1516 - Mutational analysis before and after neoadjuvant imatinib mesylate for locally advanced gastrointestinal stromal tumours

Date 28 September 2012
Event ESMO Congress 2012
Session Publication Only
Topics GIST
Pathology/Molecular Biology
Translational Research
Basic Scientific Principles
Basic Principles in the Management and Treatment (of cancer)
Presenter Madeline Lemke
Authors M. Lemke1, Y.H. Ko2, C. Law3, V. Haid1, C. Rowsell4
  • 1Odette Cancer Centre, Sunnybrook Health Sciences Centre, M4N1J7 - Toronto/CA
  • 2Medical Oncology, Sunnybrook Odette Cancer Center, M4N 3M5 - Toronto/CA
  • 3Surgical Oncology, Odette Cancer Centre, Sunnybrook Health Sciences Centre, Toronto/CA
  • 4Pathology, Sunnybrook Health Sciences Centre, Toronto/CA



The majority of gastrointestinal stromal tumours (GISTs) express gain-of-function mutations in the tyrosine kinase receptor KIT, and less often in platelet derived growth factor receptor α (PDGFRα). Imatinib mesylate is an effective therapy for GISTs, especially in patients with Exon 11 mutations, but has less response in Exon 9 mutation patients. Imatinib is least effective in patients expressing wild-type (WT) KIT and PDGFRα mutations. When used in the neoadjuvant setting, patients typically experience maximal tumor response within a year of initiation and surgical resection is required for potential cure. In this study, we characterized the mutational status in paired samples before and after neoadjuvant imatinib therapy.


All patients receiving neoadjuvant imatinib (at a single academic institution), to improve surgical resectability were reviewed retrospectively. Patients were treated with imatinib until deemed to be appropriate surgical candidates at a multidisciplinary case conference. All tumours were sent for molecular analysis before and after resection when possible.

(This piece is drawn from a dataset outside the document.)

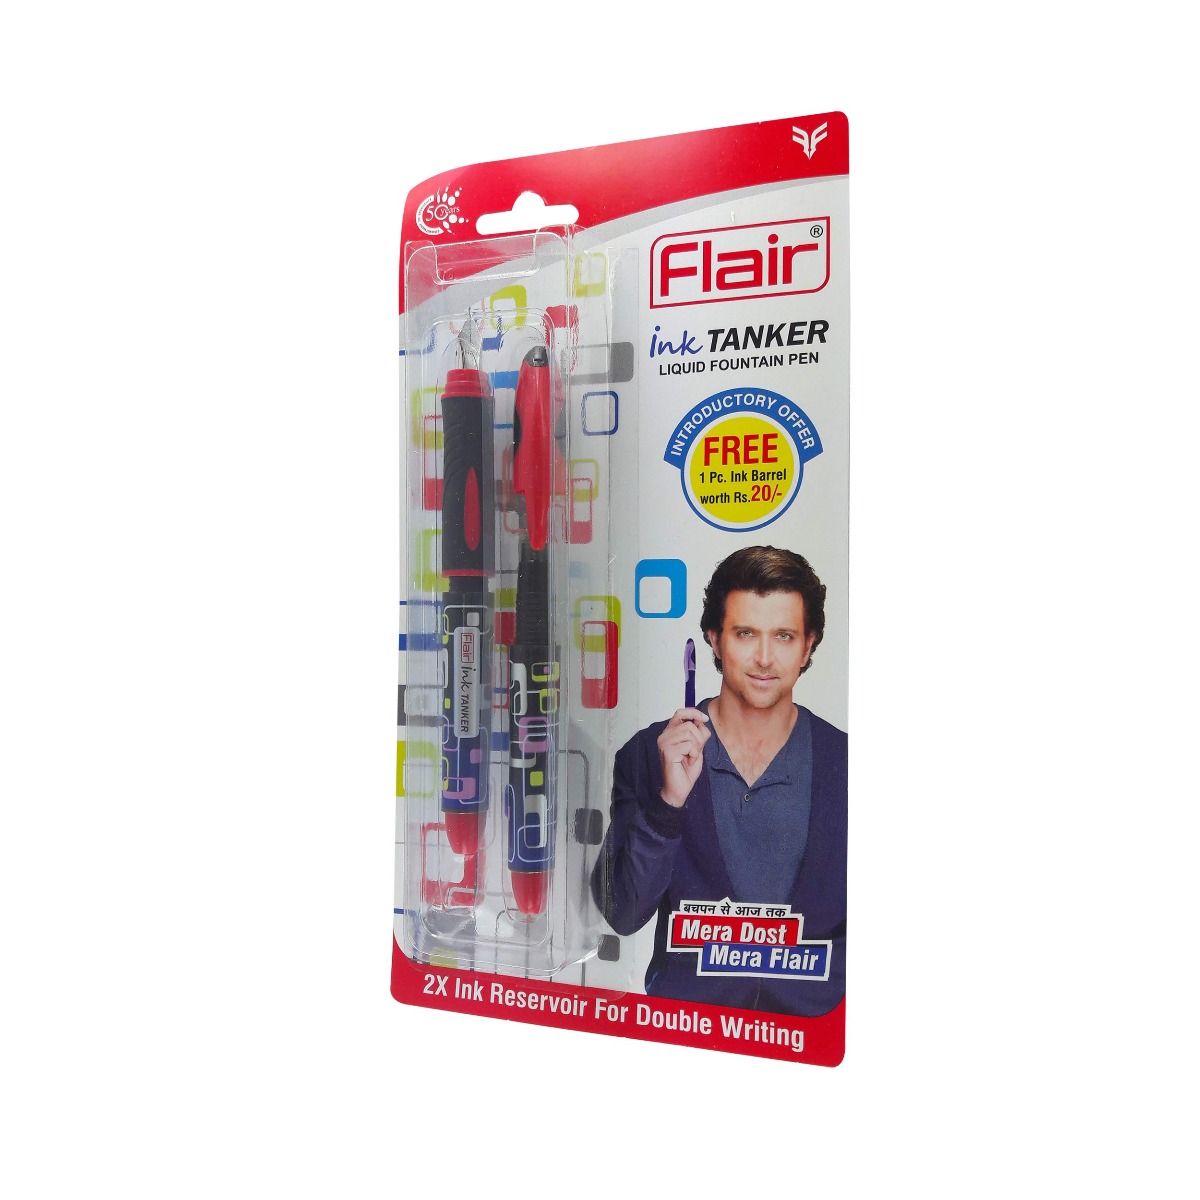 Flair ink Tanker Model: 12833 Black color body with Red color clip medium tip with free ink Barrel fountain pen

17 patients were identified from 2007 to 2012. The time on neoadjuvant imatinib therapy ranged from 31-135 weeks, with a median time of 57 weeks. At time of diagnosis, mutational analysis was possible on 7 samples, all of which were found to have a mutation: 5 in Exon 11, 2 in Exon 9. Of the 6 patients where mutational analysis was possible both prior to imatinib therapy and following surgical resection, 5 retained identical mutations. 1 patient with a jejunal GIST found to express an Exon 9 mutation at diagnosis was found to have WT KIT following imatinib therapy. The greatest median reduction in maximum tumour dimension (MR-MTD) was in the patient with the Exon 9 mutation (54.55%) compared to 9 patients with Exon 11 mutations (39.2%) and 2 patients with WT KIT/PDGFRα (38.0%). Patients with Exon 11 mutations showed the greatest variation in MR-MTD, one growing by 6.7% to another shrinking by 79.4%.


Most tumors retain the same mutations after neaoadjuvant therapy with imatinib. We identified one patient who had a different non-imatinib sensitive mutation after treatment. In the neoadjuvant setting, the duration of imatinib therapy may be too short for imatinib resistant clones to appear.


All authors have declared no conflicts of interest.